The first character I generated for my upcoming return to a Player’s spot in Palladium Fantasy as Kyrei’s sacrifice petitioning for a rebirth of his imagination on the tie-dyed Altar of Story, is a palladin. He is an honest and upright man, egalitarian in outlook, and unflinching in the face of evil.

I named him Ysterwald.

Long-term players of Palladium Fantasy will recognize this name as a former and somewhat infamous King of Timiro, an evil Summoner who ruled that country…harshly. He, his line, timeline, and much interesting Timiro history were excised from Book II for the update to 2nd Edition, but he stuck in my memory. As the character of this palladin began to take shape, and as I began to contemplate things like origins, characteristics, family, and habits, I had this idea come to me quickly, “What if he were from a disgraced noble line, which has, by dint of hard work and natural talent, risen once again to privilege and rank in their adopted homeland – the Eastern Territories?”

To  help pin down this idea, I moved on to the random background generation tables, which as I mentioned earlier, I tend to use for a combination spark to inspiration, and delineation of what I do and do not want to be a part of a character’s history or persona.  Going through the tables I got nothing but decent ideas which augmented what was forming in my mind. Within a very short time, I had a clear sense of the family, especially the father, sister, and brother, what his childhood must have been like, what anecdotes and life-shaping events I would have to begin to detail, and had tied the whole primordial mess into the dimly remembered information from the original Palladium Fantasy Book II, about Ysterwald the Summoner. It was a quick but detailed concept, left room for expansion in play, from suggestions of the GM, and from my own later musings, plus it was a lot of fun.

To be clear, I know that Ysterwald the Palladin is starting from some well-worn approaches to character creation, and at this point there is really nothing of interest or showing real creativity about him. That said, I think the character has some value in two particular areas, and it is for those two reasons that I find myself really looking forward to playing him.
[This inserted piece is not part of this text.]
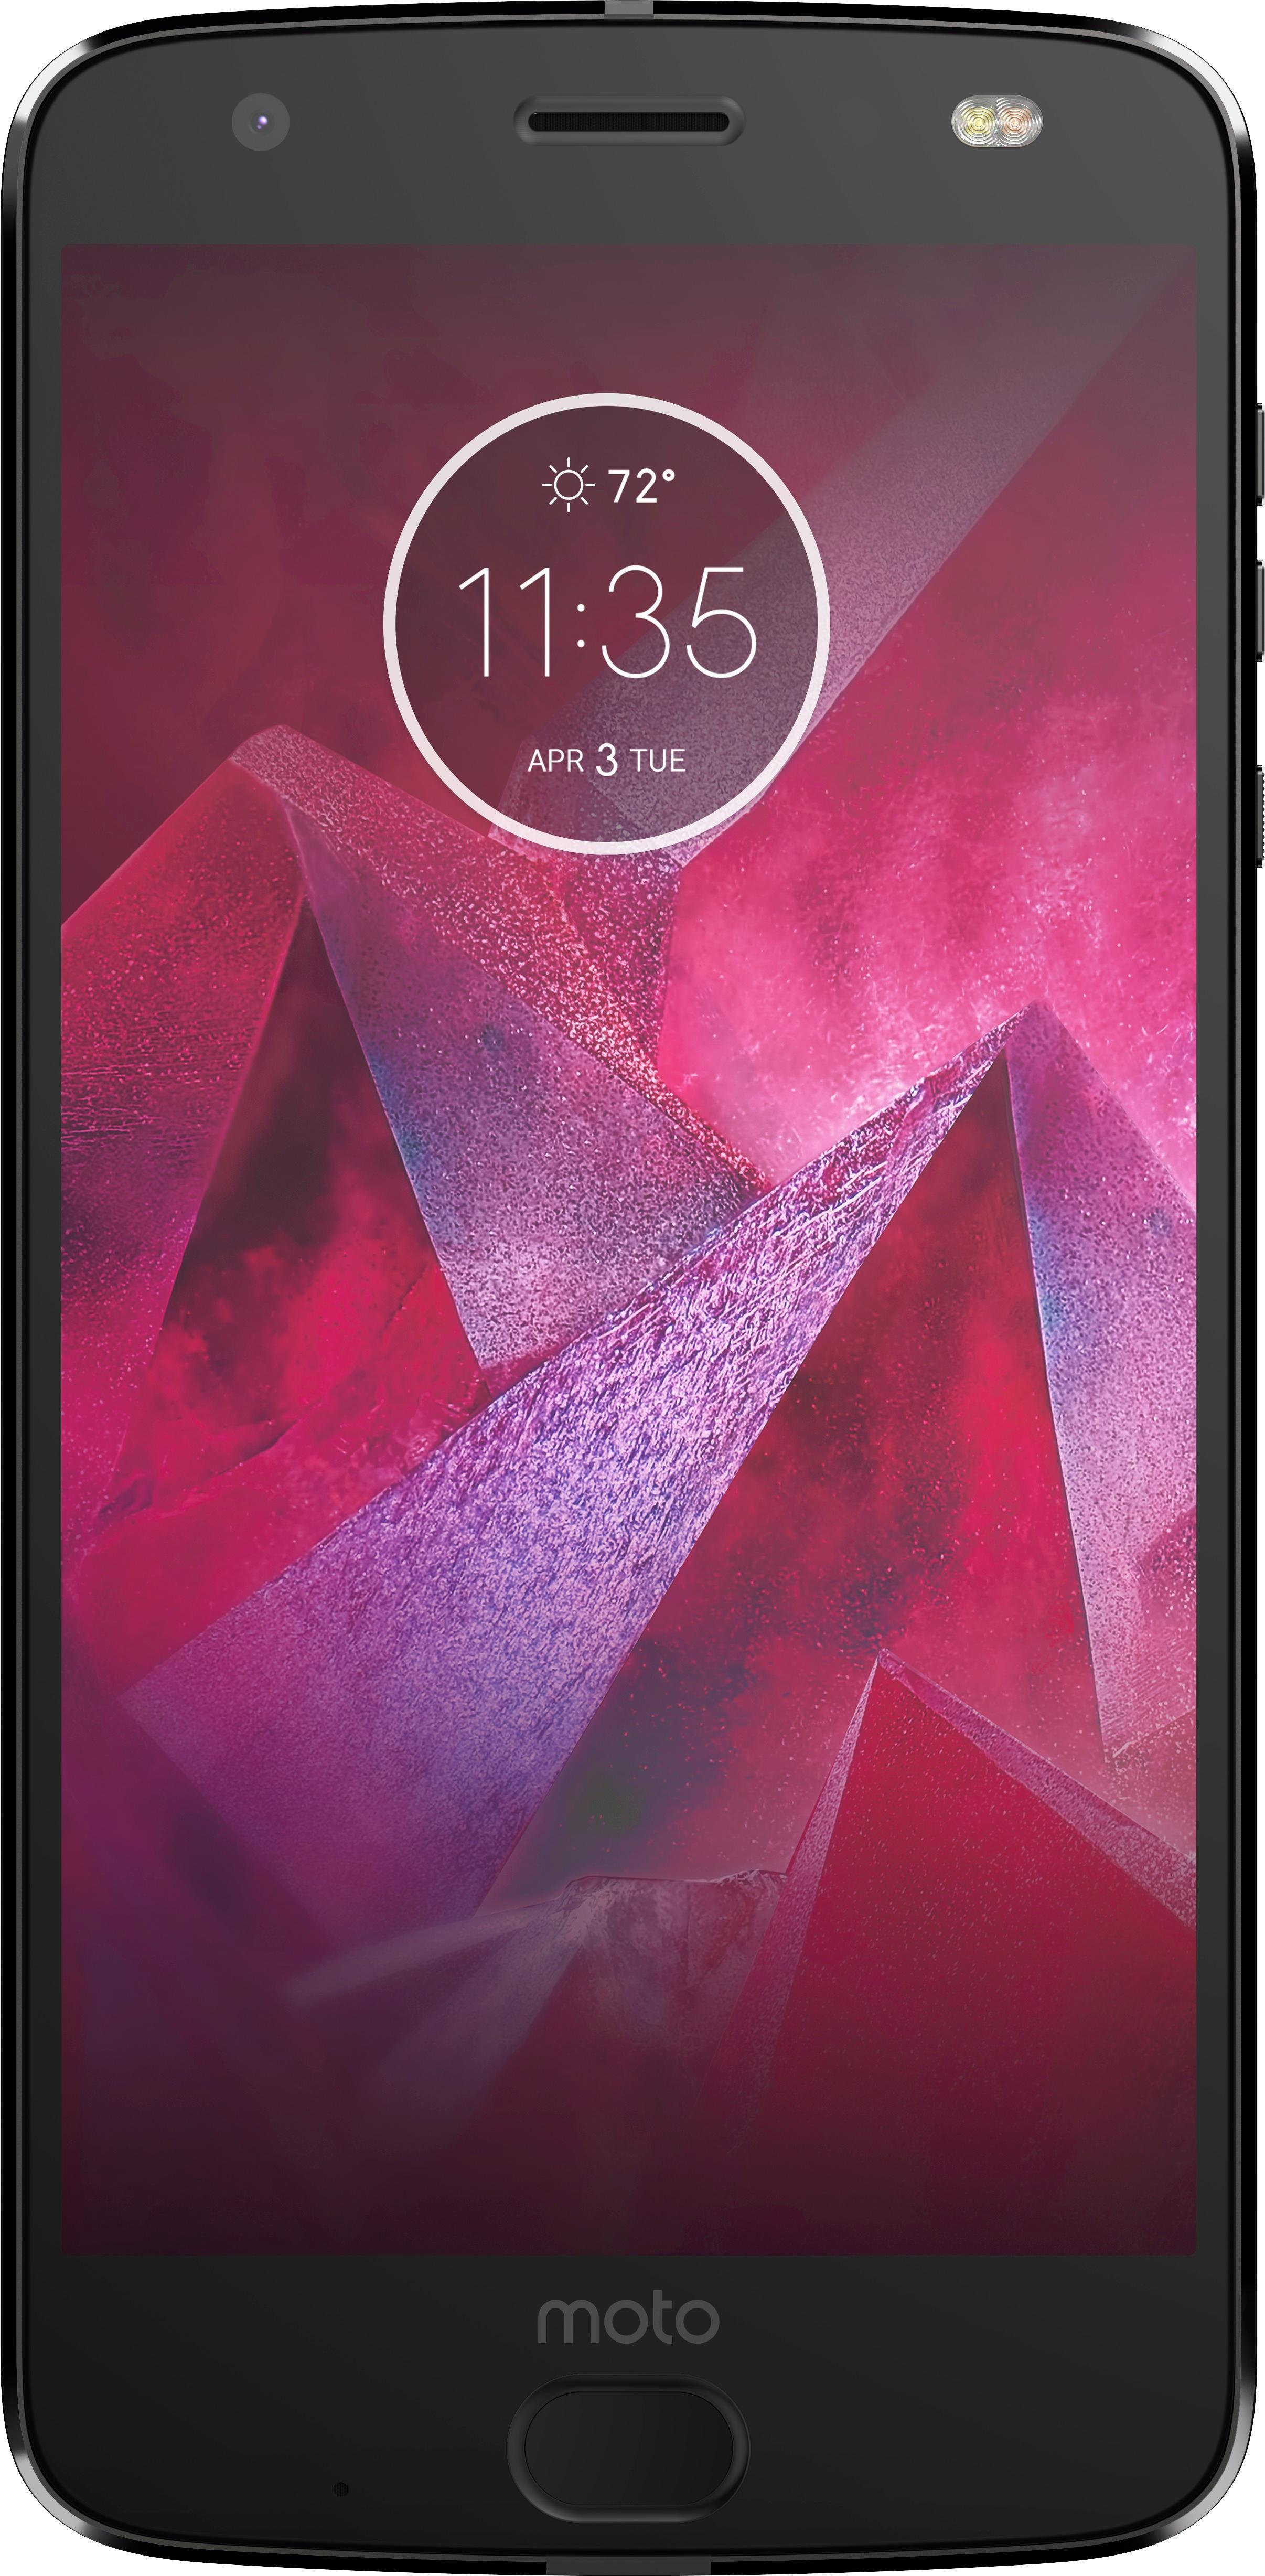 Motorola MOT1789BKKIT largeFrontImage

It is also for these reasons that I am writing this entry, not to gush about my zillionth character for an RPG.

Point Number One:

The first point which gives the character some value is simply that I have not played a character like this before. If I were writing a book, and trying to sell yet another predictable character as original and compelling, I would be the first to volunteer to be crushed to death by hundreds of volumes of the collected crap of Terry Brooks. I am not, however, I am playing a character, and in play the experience of this character will be my exploration of the archetype, and my attempts to both fit and shape the figure he cuts will show me things I have not yet seen in my gaming. That others have already done so in their own gaming, has no bearing on its value to me as a player.

Point Number Two:

Playing a dedicated defender of good with no doubts or moral ambiguity will be a refreshing and fun challenge for me. As someone who tended toward cunning characters, magi, and those of darker leanings, and who liked his heroes to come with a serious amount of ‘anti,’ I have to ask myself:  Can I maintain this sort of hero? Can I find in-character motivations for action which are not caricature or hand-waving excuse? Can I guide him through a character arc befitting the character, not the player?

If I cannot, then I have found another area in which I still need to develop and grow as a player. If I can, then I can take satisfaction from that in addition to the fun gained from the game itself.

I think these things have weight and worth.

Finishing Initial Character Development:

I am one of those who believes that a character is never really finished the development stage until they reach Final Death. However, there comes a time when any further tinkering with a character concept before play starts will just be a mistake.

Once I had tied down his skills and sorted out his equipment, it was time to wrap things up with a close examination of his attributes and what sort of effect they would have had on his personality and approach to life situations.

Three things stuck out: the character’s Mental Affinity score (Charisma) is low, as are his Physical Beauty, and Speed scores. These scores, particularly in counterpoint to the average and slightly better than average scores which round out the rest of his traits, gave me a very clear image of the character as a child.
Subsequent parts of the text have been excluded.